Generating structured LLM outputs.
It turns out that when building products, we can use LLMs for a lot more than just a chat with AI
feature. (Of course, that requires a little bit of creativity which is not always easy to come by.)
A common approach is to use LLMs to generate structured outputs for users. This is useful for things like extracting information from text, auto-completing user inputs, providing suggestions based on past behavior, and a lot more. (Again, creativity is key here.)
What makes this difficult is that LLMs are good at generating text, but not often good at following specific instructions. So, no matter how much you yell at your LLM DO NOT EXPLAIN YOURSELF
, or IF YOU DON'T RETURN JSON JOHN WILL DIE
, they’ll still do whatever they want.
Thankfully, there are a few tools that help us with this. One of them is Instructor, and it makes it easy to generate structured outputs using LLMs.
Getting Started with Instructor
First, we need to install Instructor (duh), Zod, and OpenAI’s SDK.
npm i @instructor-ai/instructor zod openai
Once we have these installed, we can start with initializing our OpenAI client and Instructor.
import OpenAI from 'openai';
import Instructor from '@instructor-ai/instructor';
const client = Instructor({
client: new OpenAI({ apiKey: 'YOUR_API_KEY' }),
mode: 'FUNCTIONS'
});
With the client initialized, we can then start generating structured outputs.
Defining the Schema
A nice thing about Instructor is that it works with Zod
schemas instead of inventing yet another schema language.
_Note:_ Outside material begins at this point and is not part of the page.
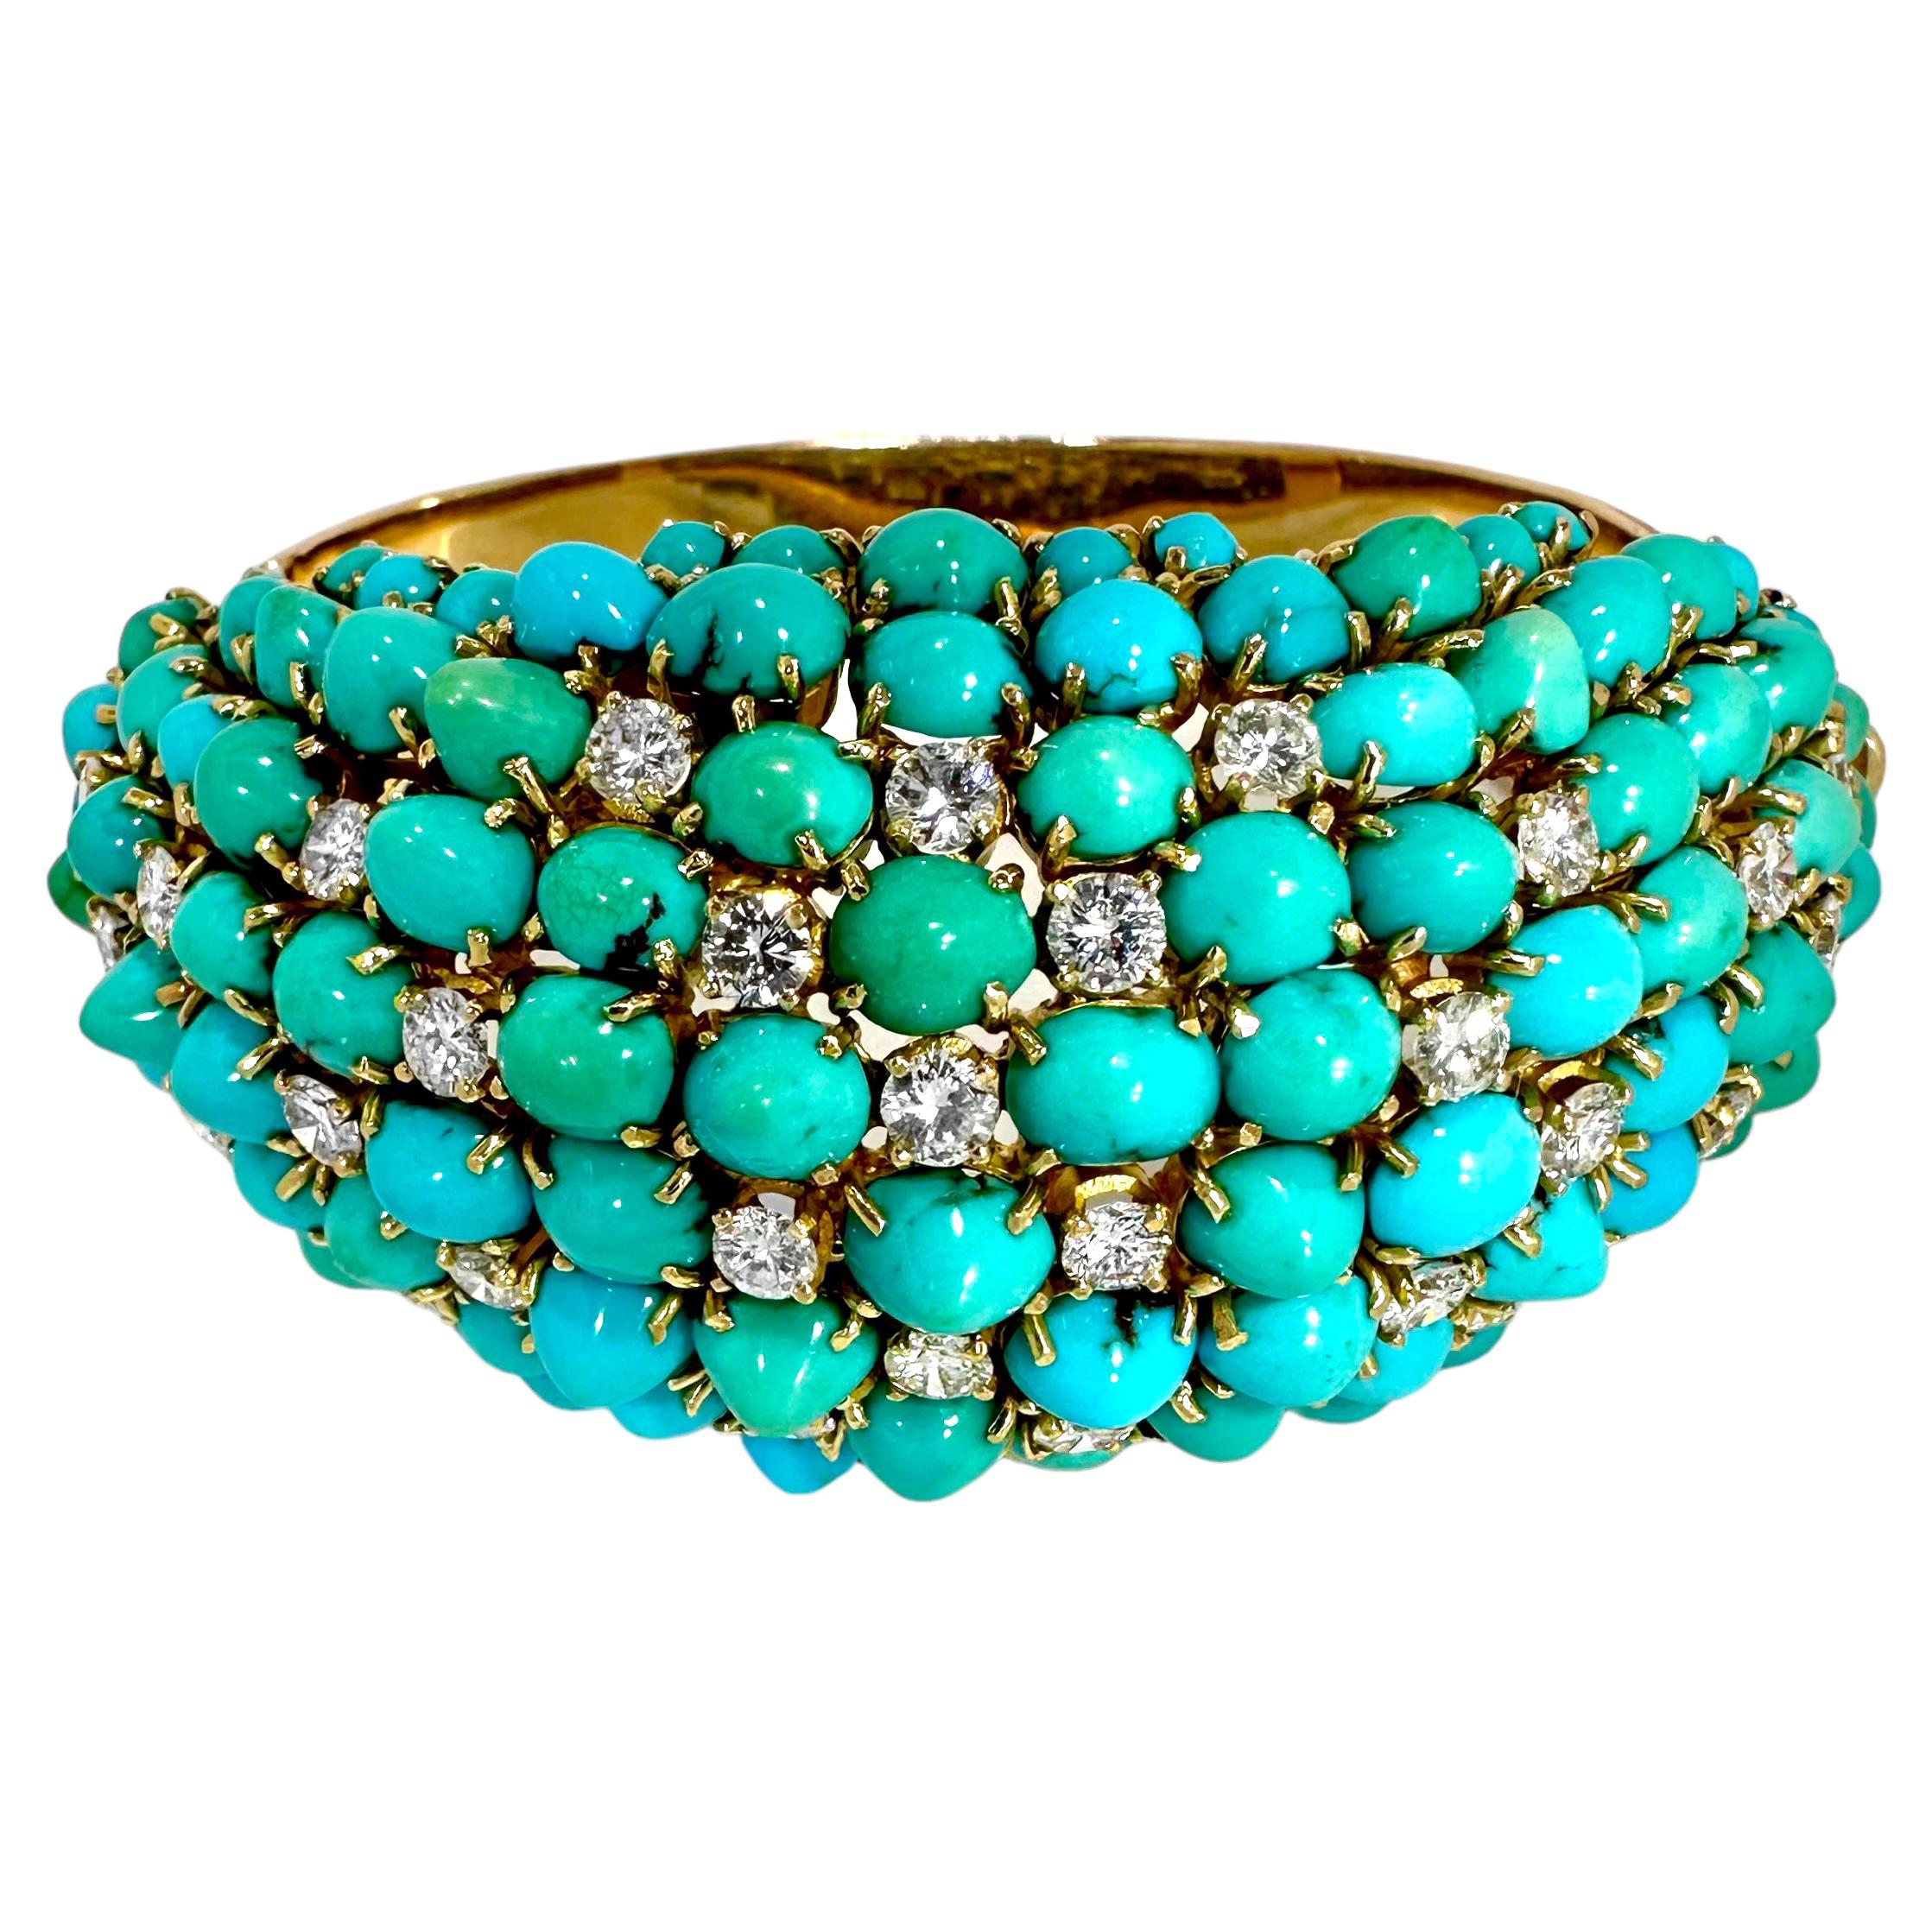 This extraordinary and massive Mid-20th Century, 18k yellow gold, oval shaped bracelet, is generously set with numerous turquoise cabochons in a large and towering bombe dome. Thirty four brilliant cut diamonds are set at various intervals within

This makes it easy to reuse existing schemas and share them across all different parts of your application that also use Zod.
Let’s say we have a schema for a User
and want to extract their name and job title from a piece of text.
import { z } from 'zod';
const UserSchema = z.object({
name: z.string().describe('The name of the user'),
job: z.string().describe('The job of the user')
});
Here, we describe each field so that Instructor can use it to generate better outputs.
Generating Structured Outputs
Once we have the schema defined, we can use the client to generate structured outputs.
const user = await client.chat.completions.create({
messages: [
{
role: 'user',
content: 'My name is John Doe and I am a software engineer.'
}
],
model: 'gpt-4-turbo-preview',
response_model: {
schema: UserSchema,
name: 'User'
}
});
Here, we pass the schema to the response_model
field, and Instructor will use it to generate structured outputs.
Once we run this code, we’ll get a structured output that matches the schema.
{
"name": "John Doe",
"job": "software engineer"
}
Let’s try a different input:
const user = await client.chat.completions.create({
messages: [
{
role: 'user',
content: 'My name is John Doe and I am a software engineer.'
content: 'Hey, this is Ellie, and I work as a UX Designer.'
}
],
model: 'gpt-4-turbo-preview',
response_model: {
schema: UserSchema,
name: 'User'
}
});
And we’ll get a different output:
{
"name": "Ellie",
"job": "UX Designer"
}
Of course, this is a very simple example, but we can go much further and do more complex things with Instructor.
For example, say we are building a car review website and want to extract some information from a long review. We can define a schema for a Car
and extract things like pros, cons, overall sentiment, and more.
const CarSchema = z.object({
car: z.string().describe('Name of the car'),
sentiment: z
.enum(['positive', 'negative'])
.describe('Sentiment of the review'),
pros: z.array(z.string()).describe('Up to 5 pros of the car'),
cons: z.array(z.string()).describe('Up to 5 cons of the car')
});
Then, we can run the same code as before, but instead feed it the entire car review, or even multiple reviews, and get structured outputs.
const car = await client.chat.completions.create({
messages: [
{
role: 'user',
content: 'The 2024 Tesla Cybertruck...'
}
],
model: 'gpt-4-turbo-preview',
response_model: {
schema: CarSchema,
name: 'Car'
}
});
And we’ll get a structured output like this:
{
"car": "2024 Tesla Cybertruck",
"sentiment": "positive",
"pros": [
"Sleek design",
"Impressive performance",
"Good range and charging times"
],
"cons": [
"Dual Motor and Beast models are pricey",
"Limited interior space",
"No Apple CarPlay and Android Auto"
]
}
And that’s it! Of course, this is just the tip of the iceberg, and there’s a lot more you can do with Instructor. But this should give you a good starting point to generate structured outputs using LLMs.